The HR team at CVS, meanwhile, will focus more on “strategic” projects, policy development, training and leadership development.

IBM also will support the administration of compensation, performance management, payroll, benefits, work force analytics, recruiting and staffing, and provide HR call-center support, the companies said. For CVS workers, the new system will provide online access to their information and the ability to enroll in benefits programs 24/7.

“This really brings some needed technology for these HR transactions for our stores and the personnel in our stores,” Castel said. “Our intent is for ease and convenience. Some of it will now be online, with call support if needed. Currently, it’s all phone service.”

The 140 employees whose work is being outsourced will lose their jobs by the time the shift is completed next year, Castel said, but the company hopes to find them positions elsewhere within CVS. “We have the advantage of a transition time frame,” she said. “Our hope and our expectation is the majority of those individuals can transition to other roles.”
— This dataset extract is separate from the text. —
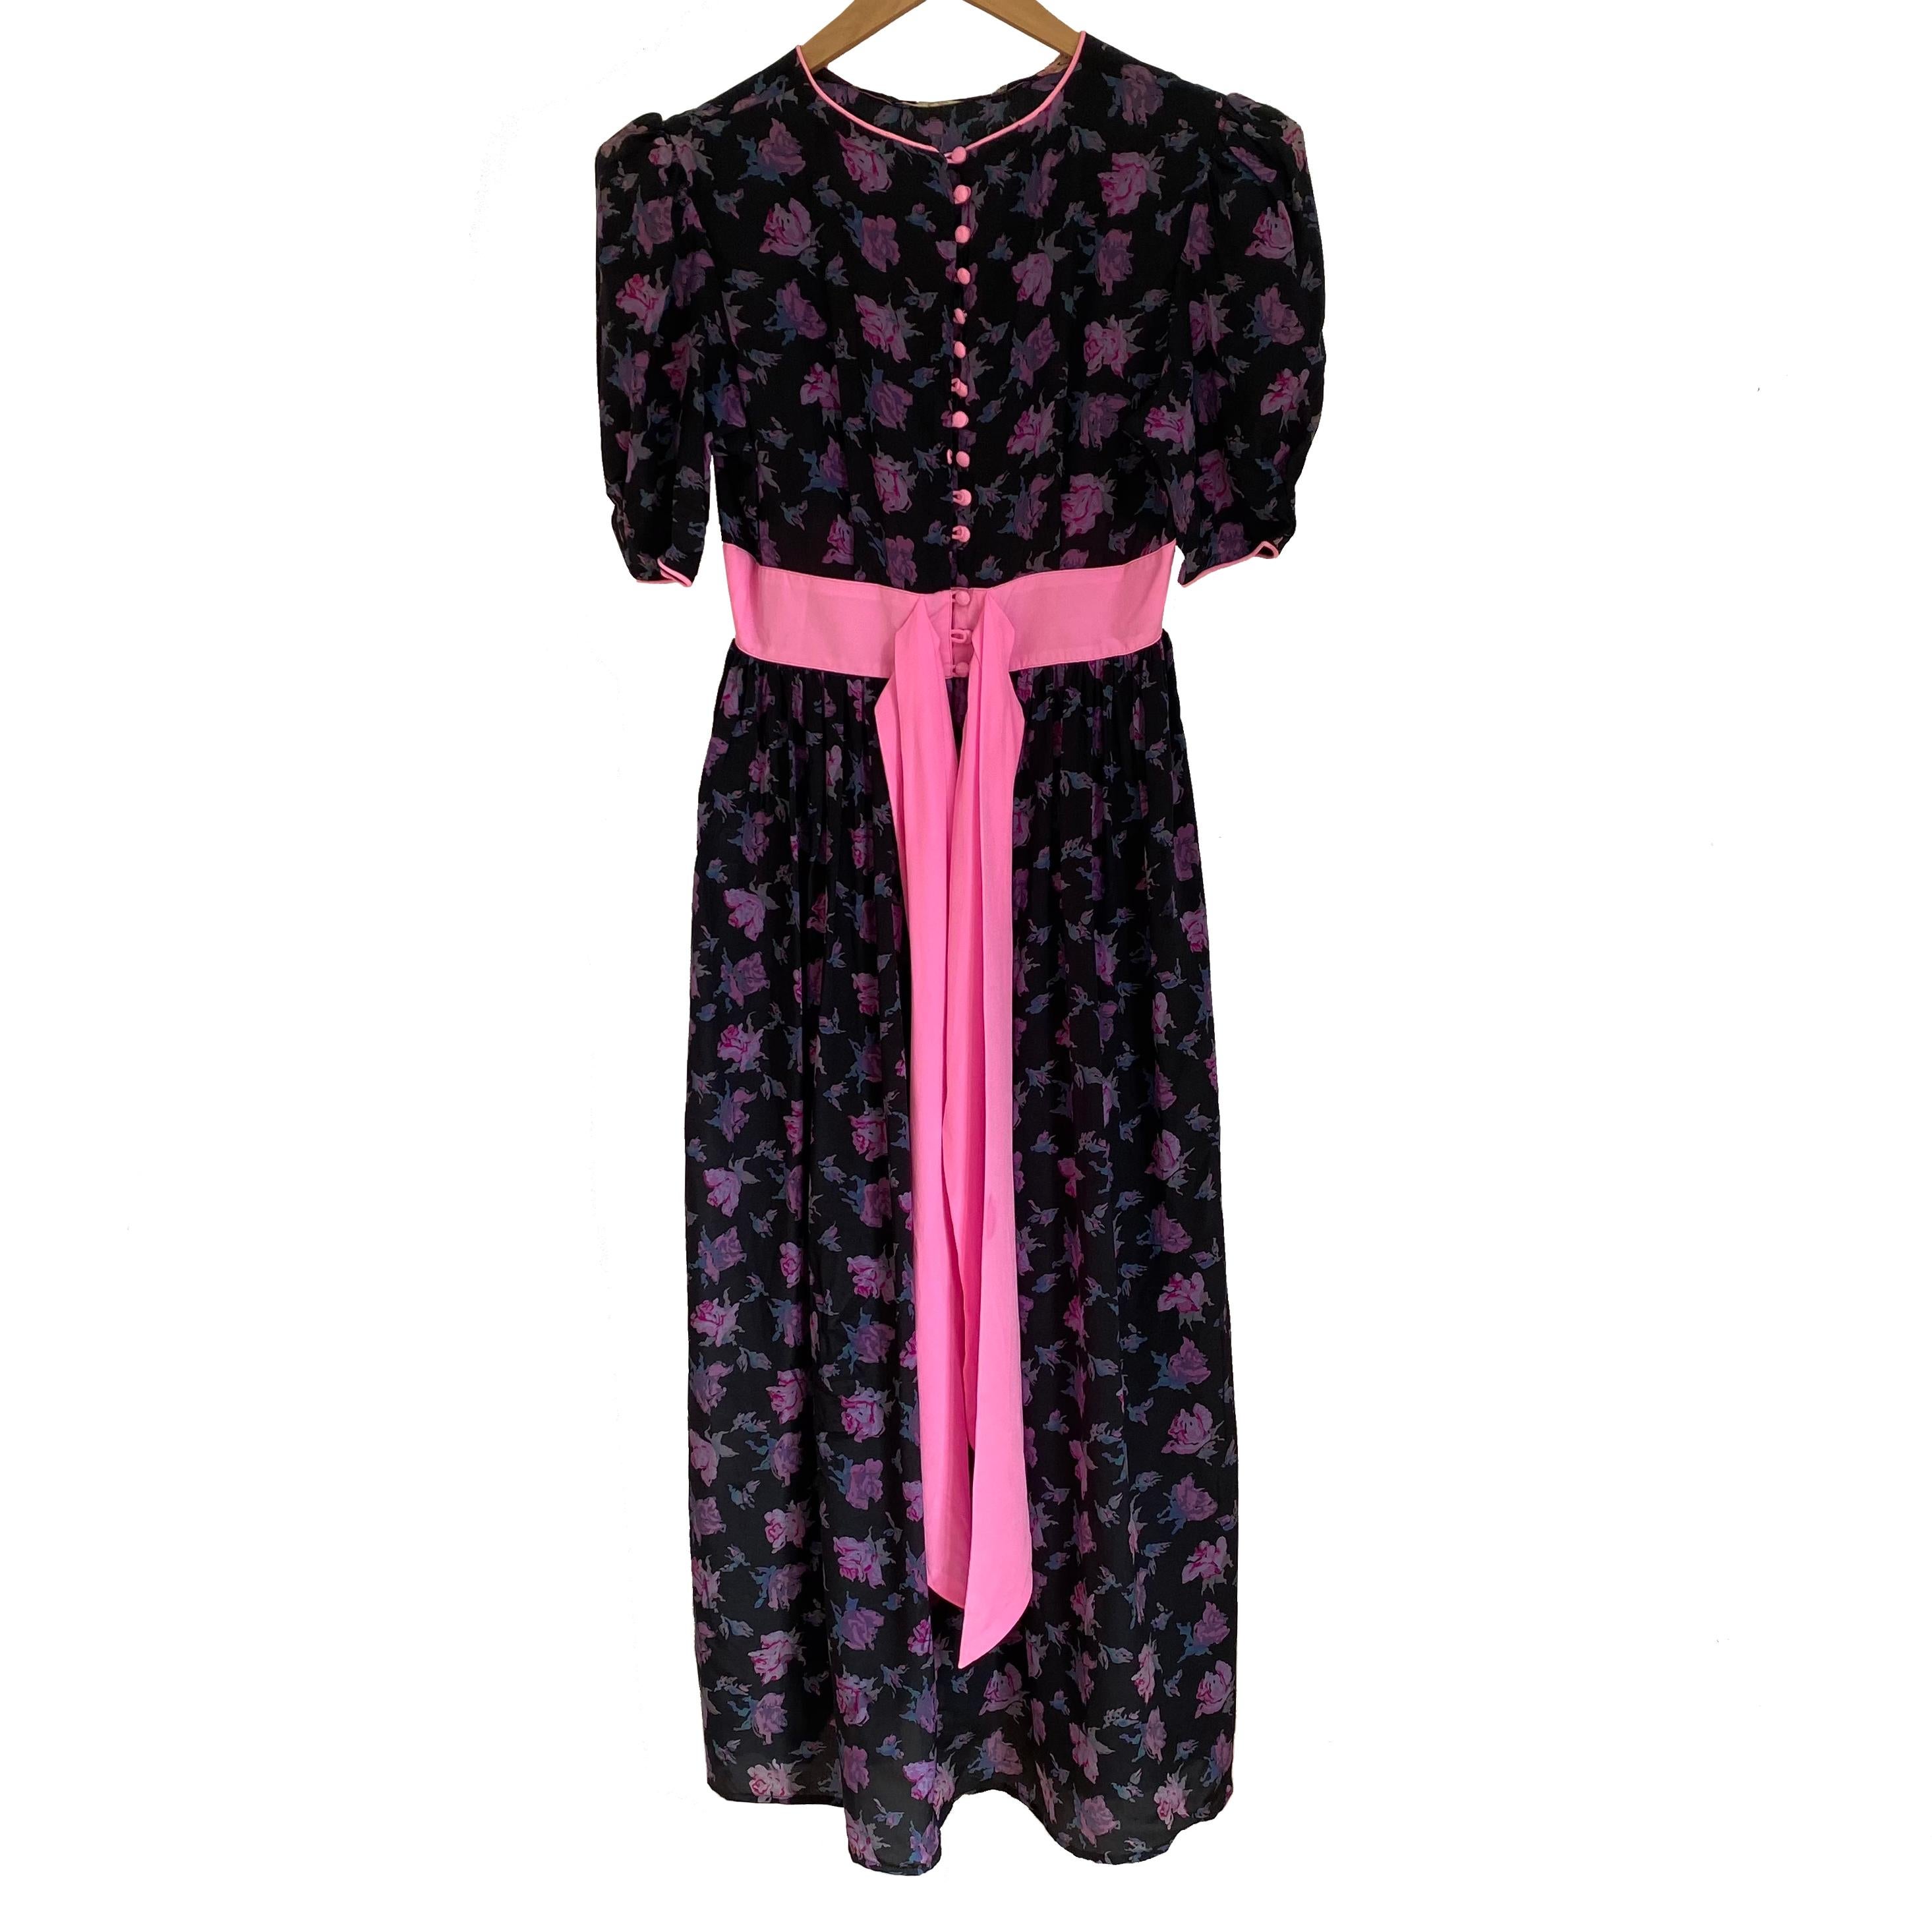 Pre-washed rosebud print black silk crepe FLORA KUNG princess dress For Sale 1

The 55,000 jobs CVS has added in the last two years have been due, to a great extent, to the acquisition in 2004 of 1,300 Eckerd drugstores and the acquisition this year of nearly 700 Sav-On and Osco drugstores. CVS has added about 500 jobs at its headquarters to support the growth, with extra hires in marketing, merchandising and the customer call centers.

“We’re strong and growing,” Castel said. Despite the 140 job cuts, “in the end, we expect to have even more positions in Woonsocket then we had previously.”